CHMP recommends paediatric oral formulation of Orfadin (nitisinone) for Hereditary Tyrosinaemia type-1 (HT-1)- SOBI

Swedish Orphan Biovitrum AB (Sobi) announced that the Committee for Medicinal Products for Human Use (CHMP) of the European Medicines Agency (EMA) has adopted a positive opinion for the oral suspension formulation and the 20 mg capsule of Orfadin (nitisinone) for the treatment of Hereditary Tyrosinaemia type-1 (HT-1). HT-1 is a rare genetic disease that affects infants and children; it is progressive in nature, may result in liver and kidney failure and can be fatal if untreated. Twenty years ago before pharmacological treatment was available, less than one third of infants diagnosed with HT-1 before two months of age lived past their second birthday.

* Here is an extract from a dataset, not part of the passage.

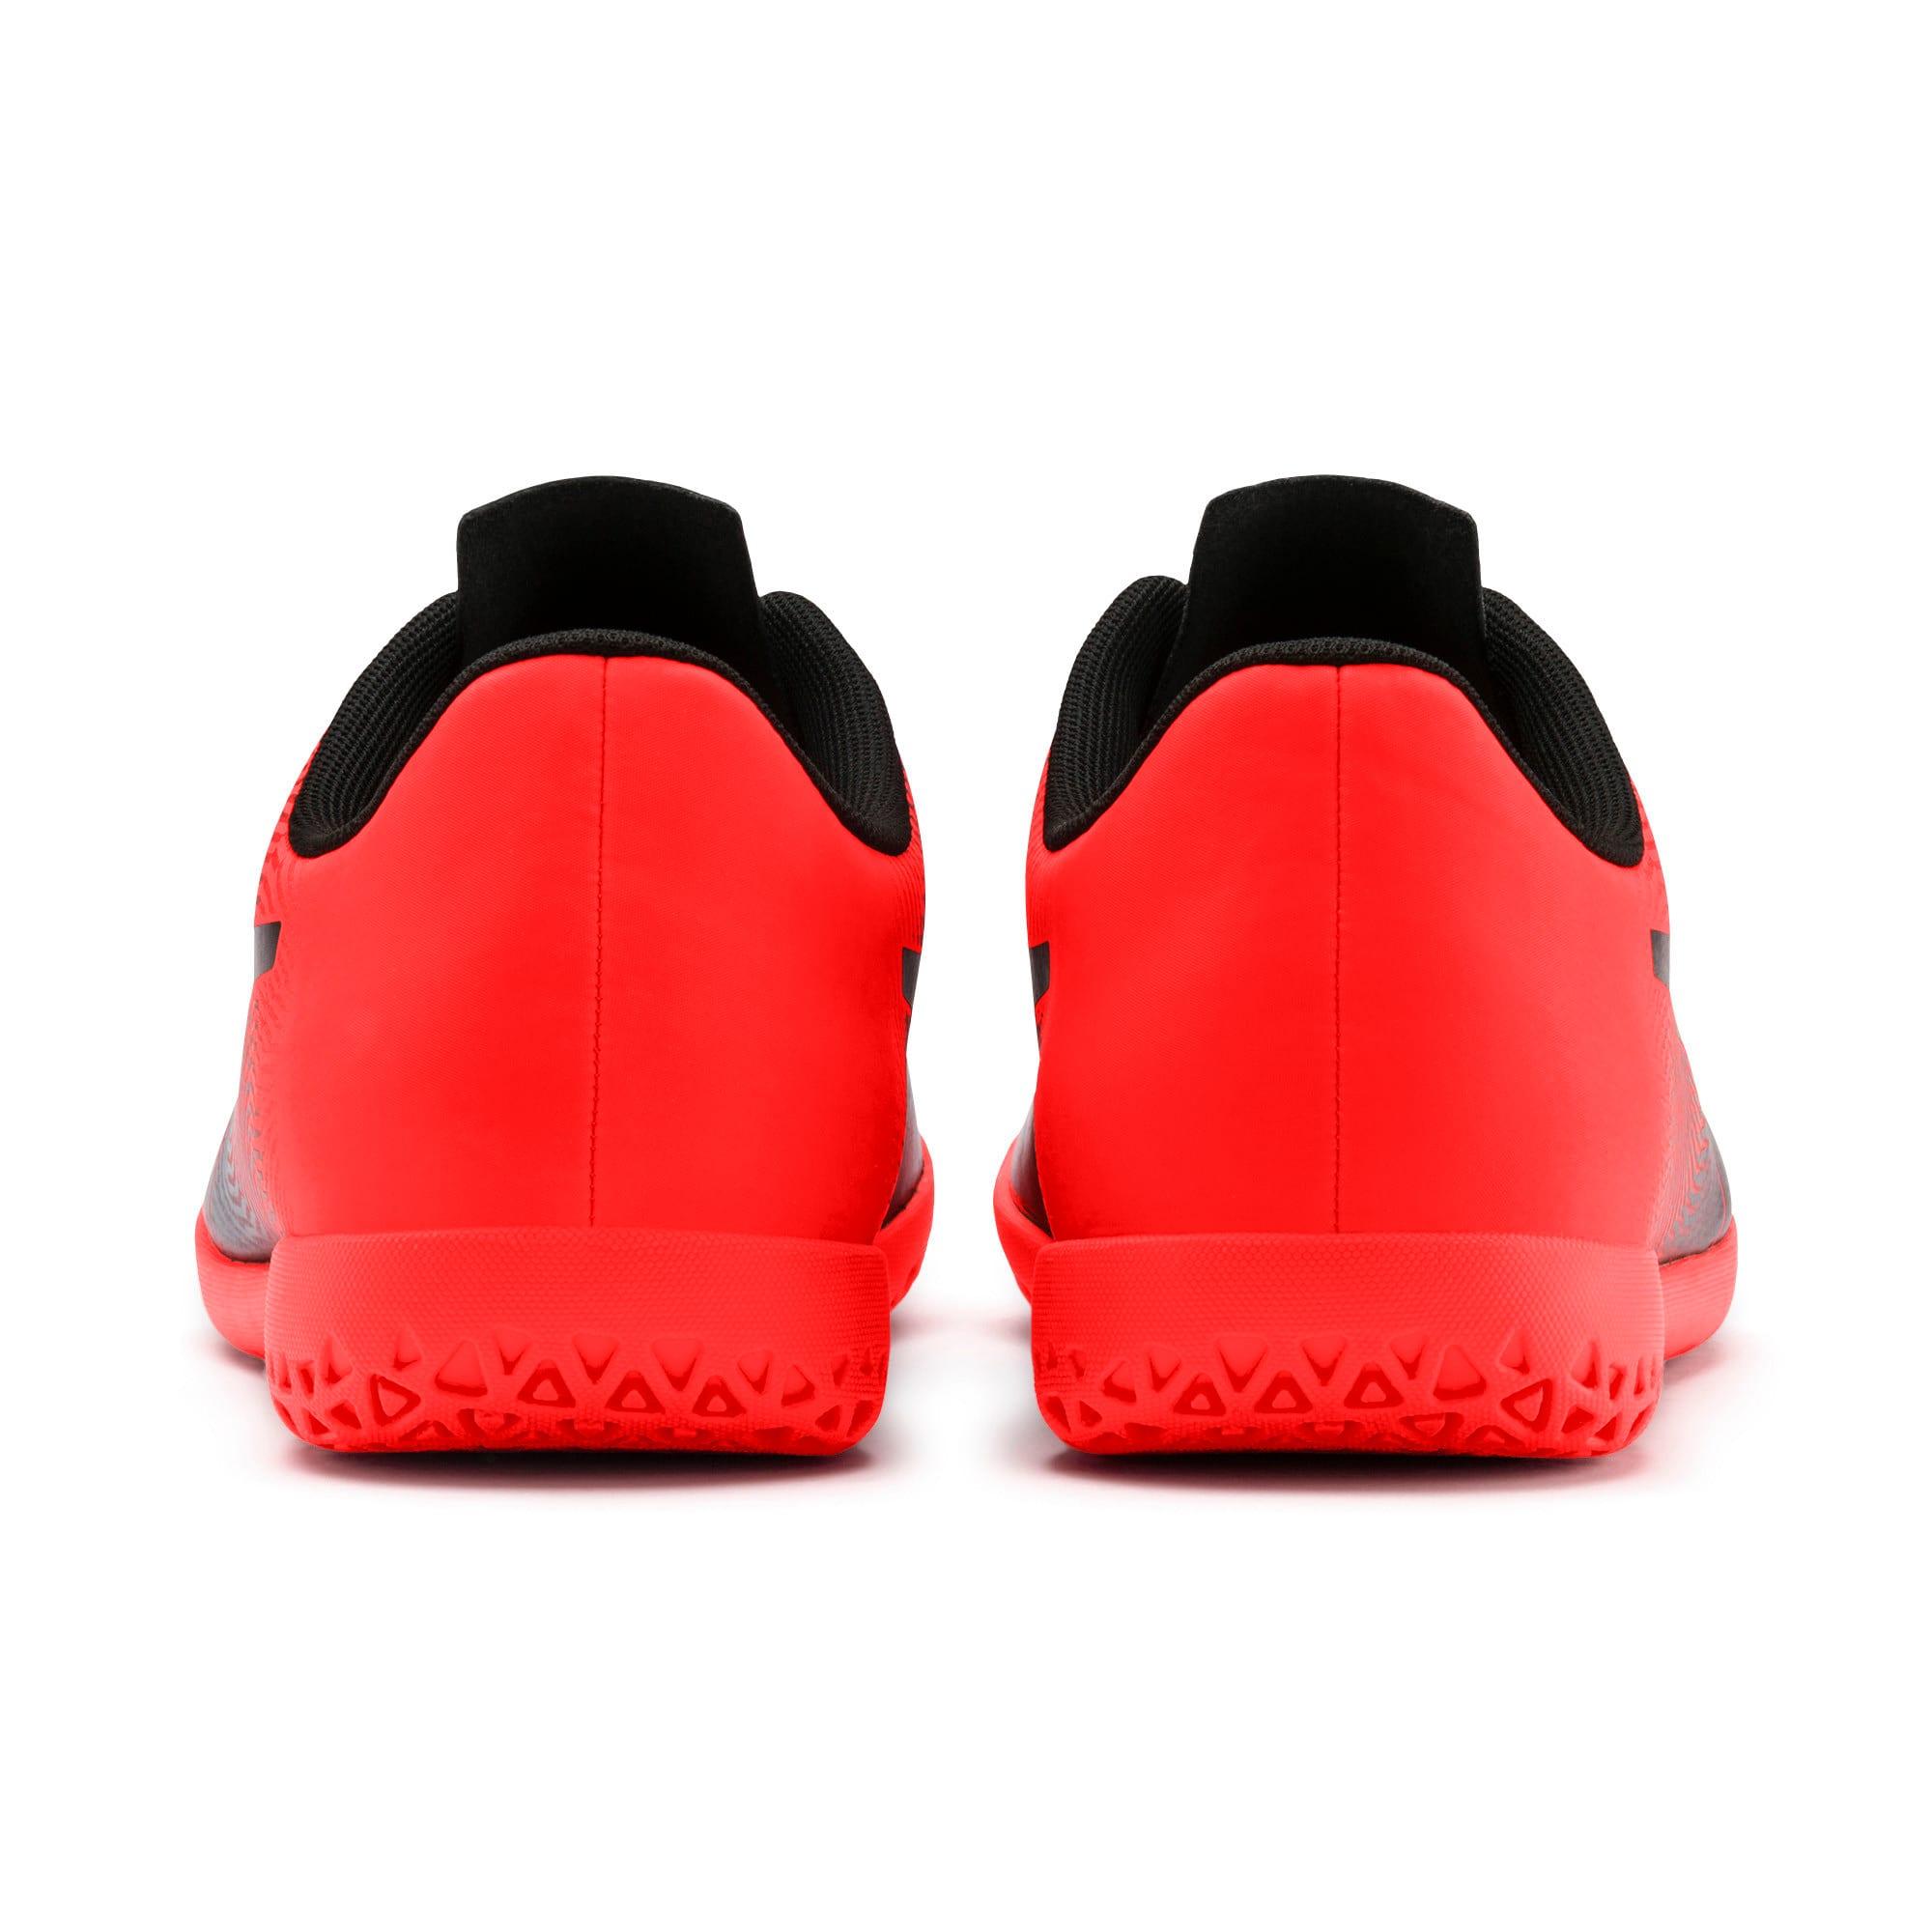 Thumbnail 4 of PUMA Spirit II IT Men's Soccer Shoes, Puma Black-Nrgy Red, medium

Treatment with Orfadin combined with dietary restriction of tyrosine and phenylalanine and more widespread newborn screening leading to early diagnosis has dramatically improved outcomes for HT-1 patients. EMA has called for more child-friendly formulations and the new paediatric oral suspension formulation is a response to this call and the needs of the infants and children diagnosed with HT-1 early in life. A paediatric oral suspension of Orfadin, if approved, will facilitate accurate dosing for infants and small children, and contribute to improving quality of life and patient outcomes.